2015-05-06 21:55 GMT+08:00 Joaquin M Lopez Munoz
TONGARI J
writes: 2015-05-06 20:58 GMT+08:00 Joaquin M Lopez Munoz
: Ok, understood. I've written a small performance test of vector
> and sorted vector > vs. a collection class het_collection storing values of the same type contiguously and providing a specialized for_each memfun: [...]
So, unsurprisingly, het_collection does much better as for_each on a vector<variant> needs to check type on each iteration. Sorting the vector so that values of the same type lie together does not have any impact on performance.

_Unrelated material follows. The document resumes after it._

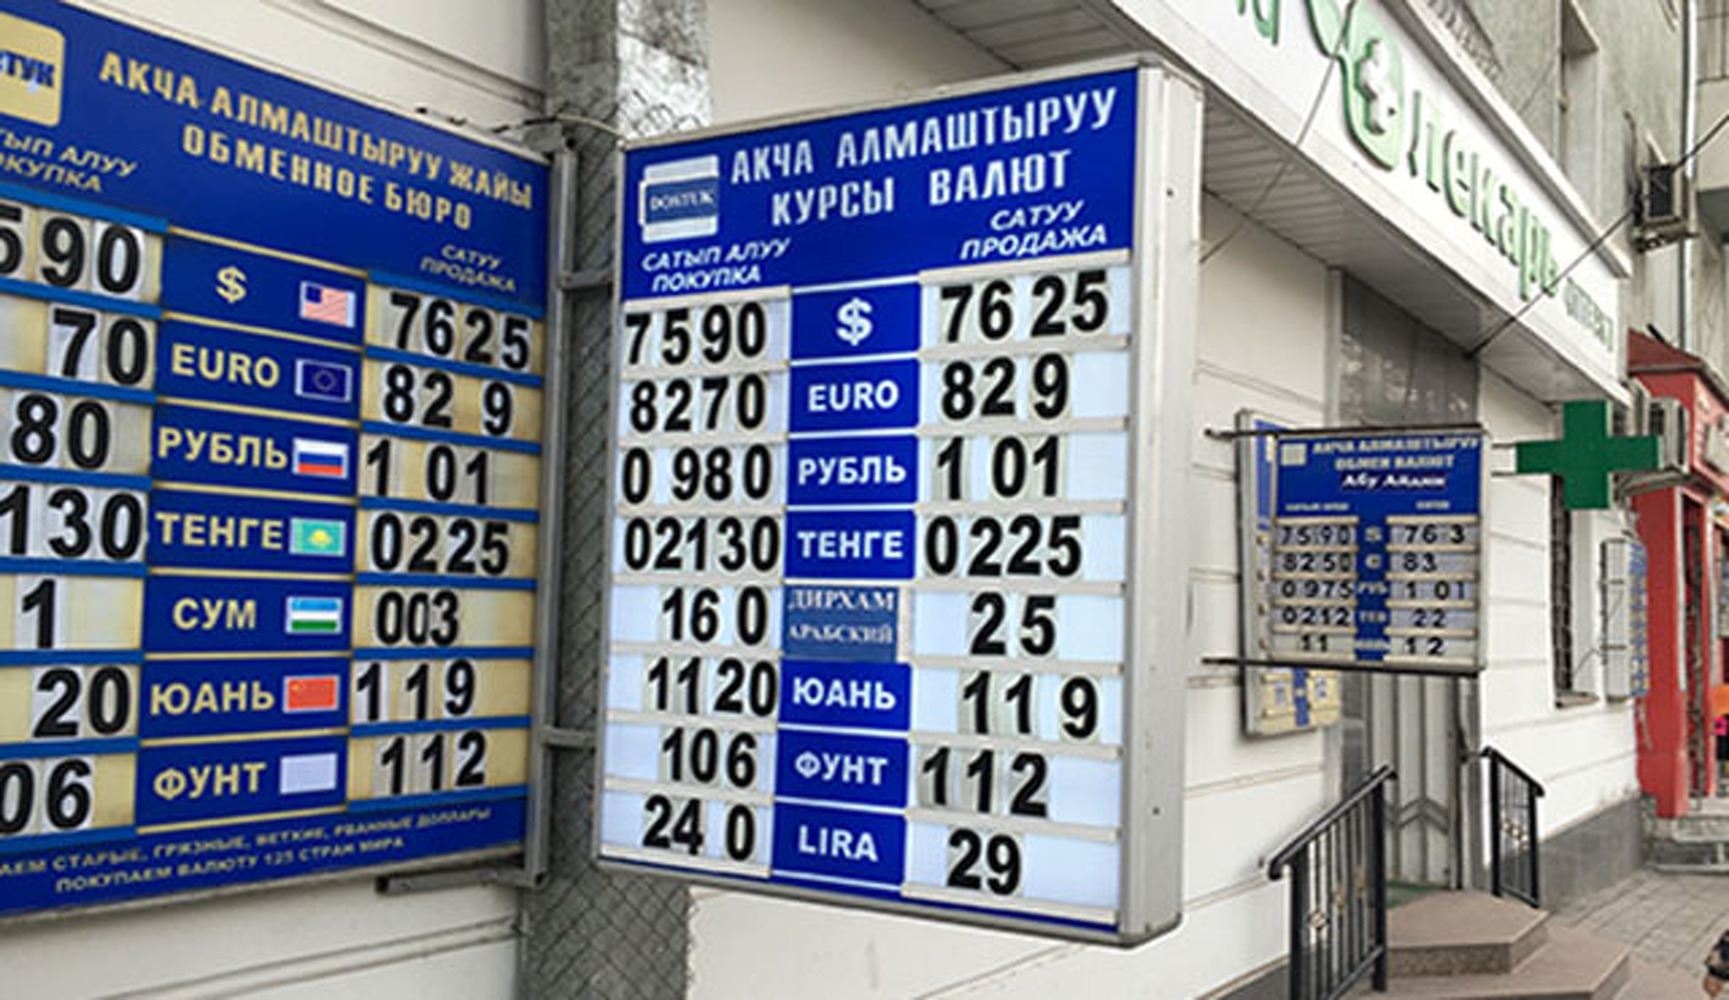 Курс рубля к сому сегодня в киргизии. Курс рубля. Курс валют. Обменный пунк Киргизии. Курс обмена валют в Бишкеке.

In case that you misunderstood my previous post, the assumption that when values of the same type lie together could result in better performance was for ordered tuple_vector-based sequence, not for vector_variant.
Your benchmark result is indeed what we expected, what I'd like to see is the comparison between *ordered* het_collection and vector_variant.
Yes, definitely I'm not fully getting your point, my apologies. What do you mean by ordered het_collection? As it is designed het_collection clusters values of the same type together.. Do you mean a version where the order of insertion is arbitrary as in a vector? If so, any sensible design of such a het_collection_v2 would boil down to esentially the same as vector<variant>, I'd say.
What I have in mind is a het_collection with interval/span based structure for ordering. You can think it as a het_collection that also retains the insertion order. And I agree that in general case, vector<variant> is the choice, only when you know the values of the same type tend to lie together beforehand could a ordered het_collection give better performance.